# Frisco Vacation - Amateur Report



## joe l. (Jul 31, 2004)

Well, my vacation to Frisco has come and gone. This was the first time in several years (and only second time ever) I had been back to the Banks, and I must say, it reminded me of how much I really am growing to love the place. My first time to the Banks I didn't surf fish at all, so this is my first-ever OBX report. I'm probably going to break it up into several sub-posts here, so that it isn't one enormous post with pics. I hope I've made the pics small enough so that folks can load them, but big enough to get some detail. If they're too big or clogging things up, let me know, I can size 'em down and repost.

The week started off very tentatively, with us driving down from PA through Ernesto. It rained pretty much the whole ride down, and some of the damage outside of Richmond was bad - flooding and trees down, etc. Made us wonder what was awaiting us in Frisco. What was there for the first two days was beautiful sunny weather. Some flooding, but much less than what I was expecting.

So - after unpacking the truck, I went on a bait search. What's the first thing I find?











A good start - with some squid, sandfleas and shrimp, I was ready to fish!

Everyone I asked said it had been slow fishing - and it was. Lots of small bites, but I couldn't hook up. Finally, I catch the first fish.











Small, but a start. As I was cast netting from the surf for finger mullet (which I only saw sporadically), what I found was LOTS of tiny pomps running around. My quess is that these were what was stealing most of the bait. This was the biggest I'd catch, although I heard from the Frisco Pier that someone caught a pomp that was 1 1/4 pounds.

Part 2 in next post...


----------



## joe l. (Jul 31, 2004)

*Part Deux...*

So, after getting and releasing the pomps, I decided to wade out a bit farther and continue. Next hit was on some squid - and it was my first ever drum. Way too small to keep (how does red drum taste?), but fun to catch nonetheless.











The bite slowed down after I got this guy, and stayed that way the rest of the day for me.

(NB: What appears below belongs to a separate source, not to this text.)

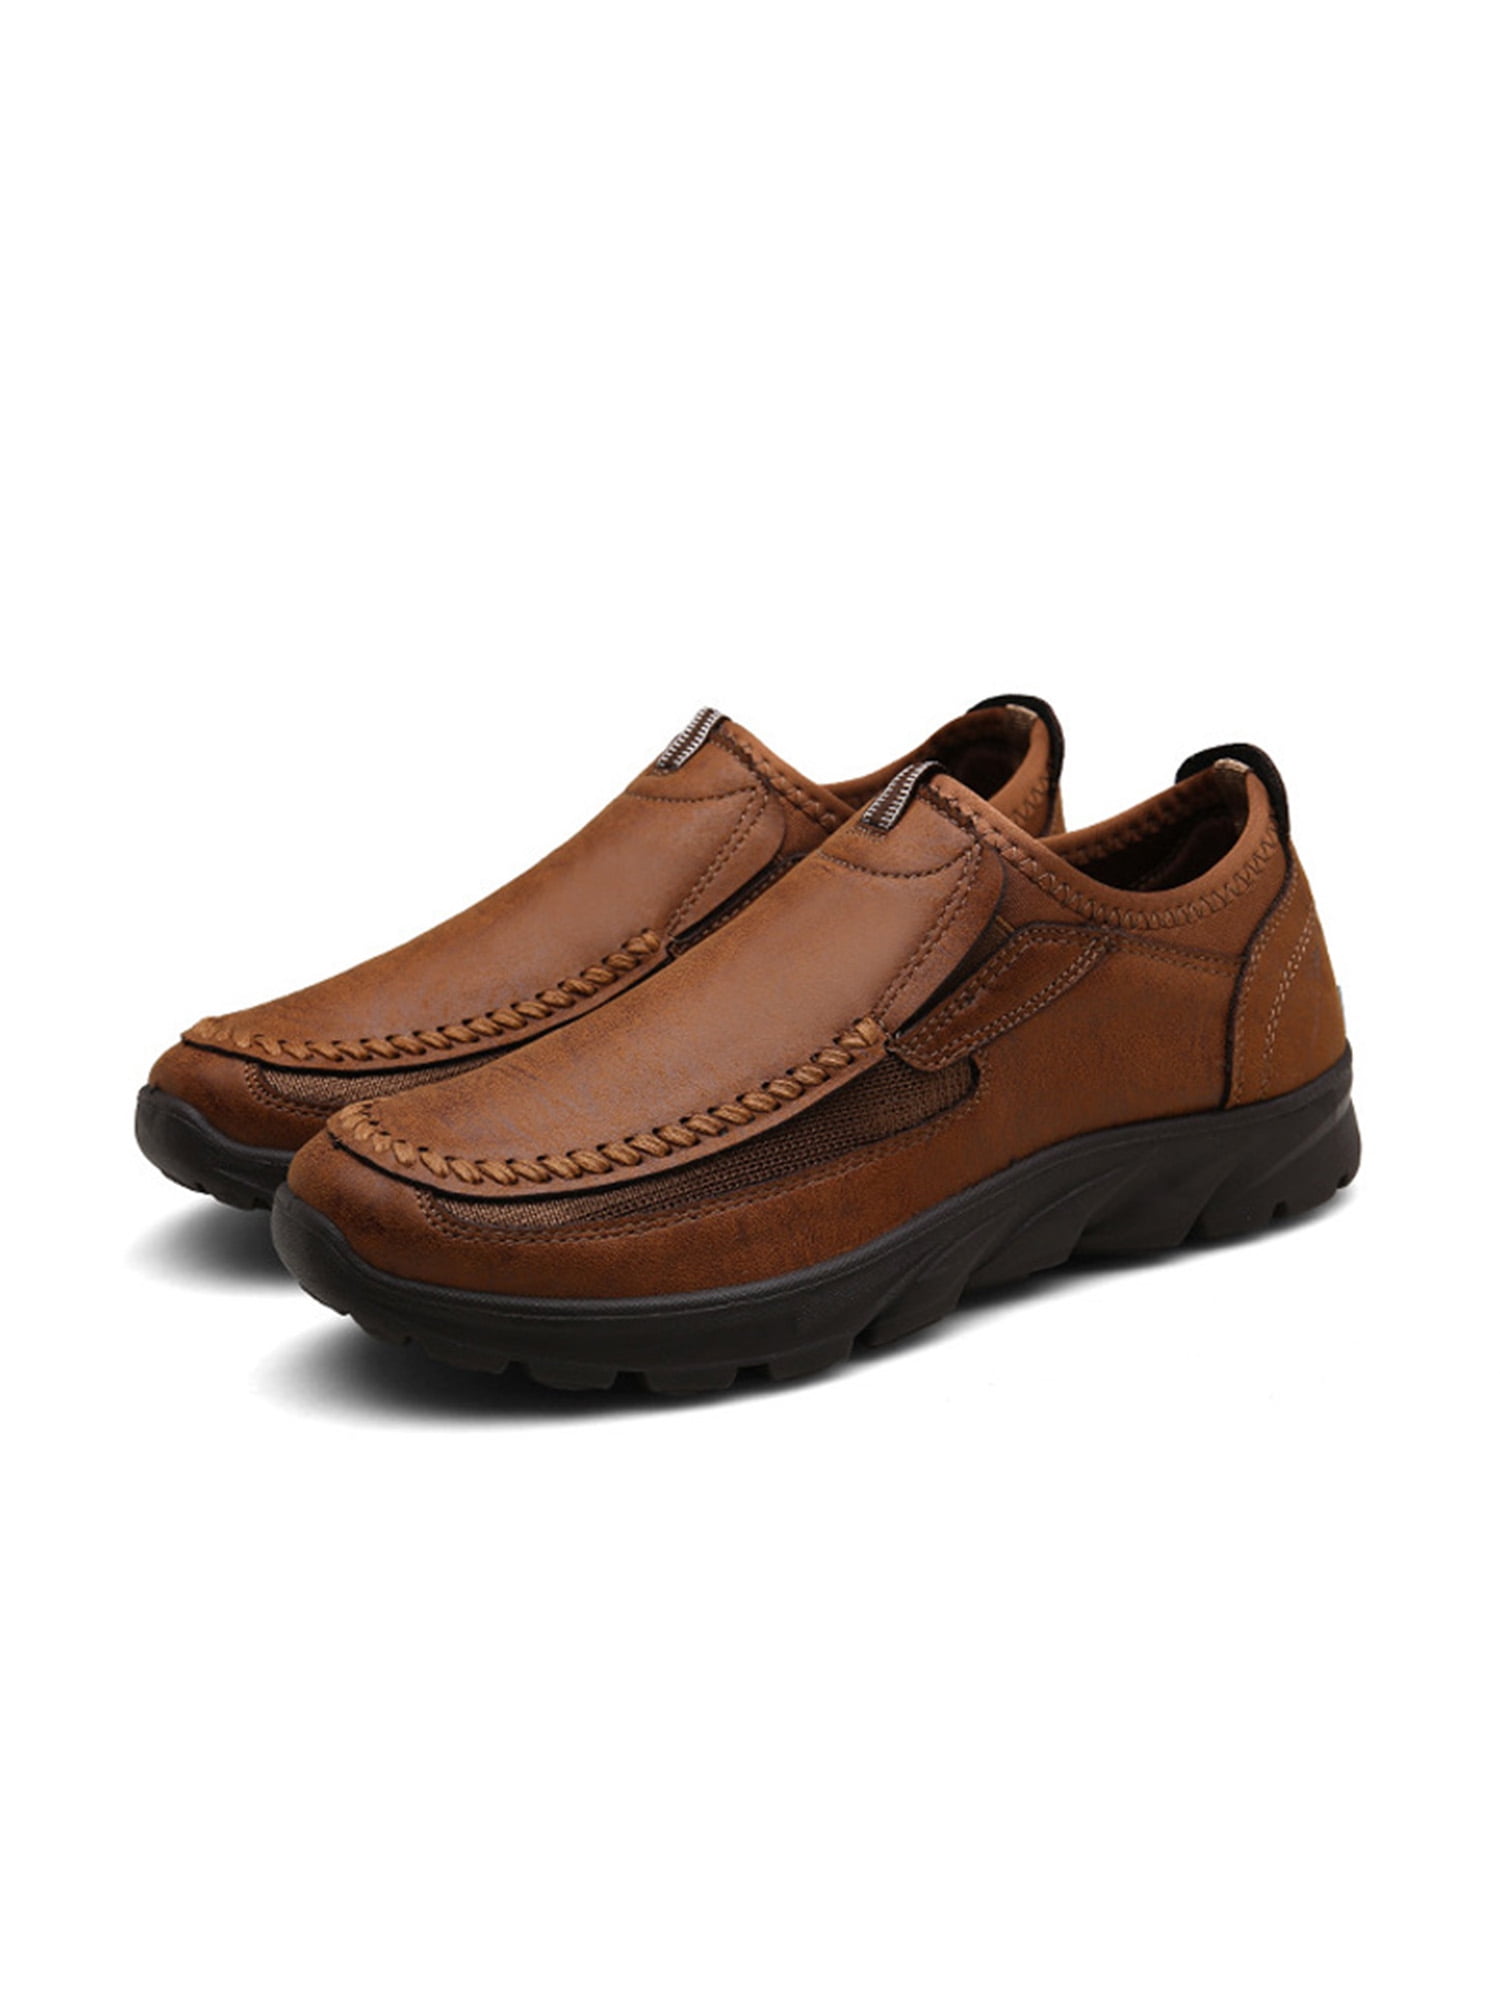 Harsuny Men's Loafers Comfortable Slip on Walking Business for Vintage ...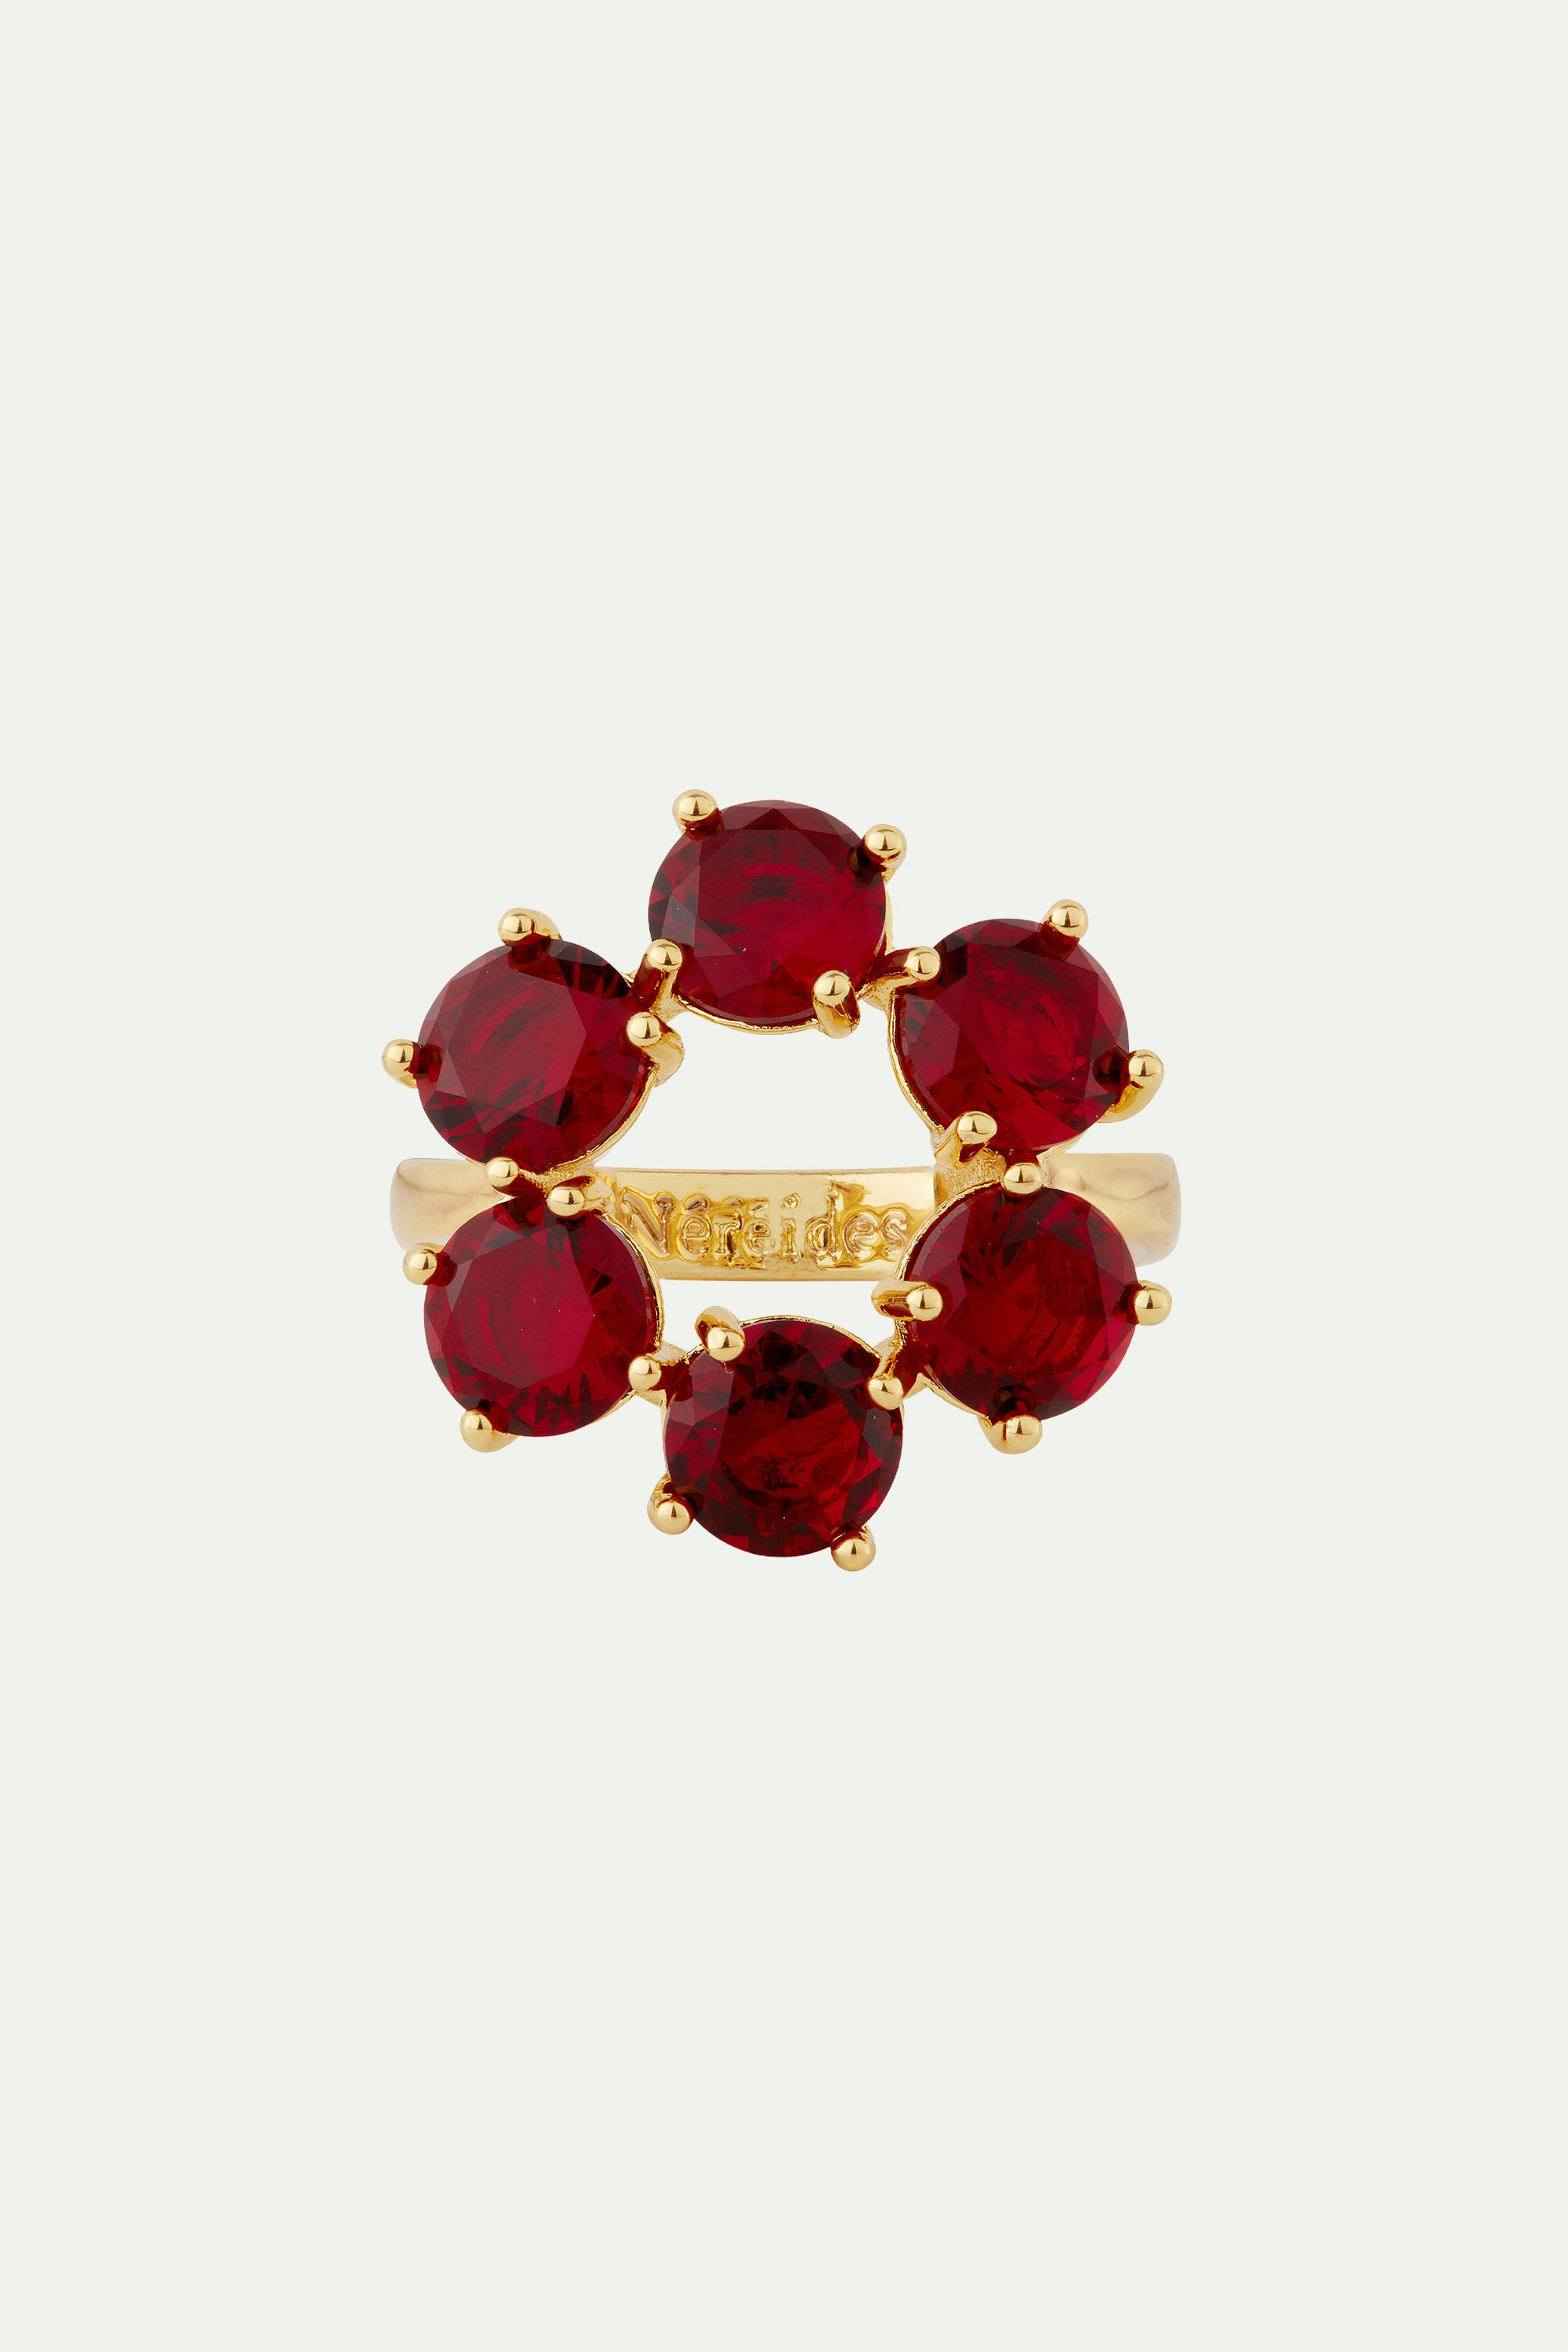 Garnet red 6 stone fine ring

Wednesday found some time for some pier fishing. Our house was directly behind Frisco Pier, so basically ever time we ate dinner, I could see the pier beckoning. This night was miserable. Rained lightly almost all night, and with the wind it was cold. Only a few of us stuck it out on the pier. The highlight of the night was when a 5 foot hammerhead swam under the pier and through the lights. Could see lots of the BIG rays swimming too. I was casting whole finger mullet and/or cut mullet farther out, and dropping shrimp/squid on top-bottom rigs right by the pilings. A few very small croaker were brought up. Then, with 20 minutes to closing, I get a good solid hit on my big rod, and manage to deck a small ray.











Man - like dragging a cinder block through the water. But - it was something that pulled, and made the night worthwhile - at least I could say I caught something after spending time in the rain.

Fished some Thursday, but without anything of note. I didn't hear of anyone else catching much either.

Friday came, rained early in the day, but turned into an OK day later on, so it was back to the surf. Small bites again, with no hook-ups (I'm guessing the tiny pomps again). Finally I get a good hit on a sand flea on my small rod. A decent-sized whiting (sea mullet).











This guy was lucky we had seafood the night before - or he would have been my "dinner guest". But - back in the water he went.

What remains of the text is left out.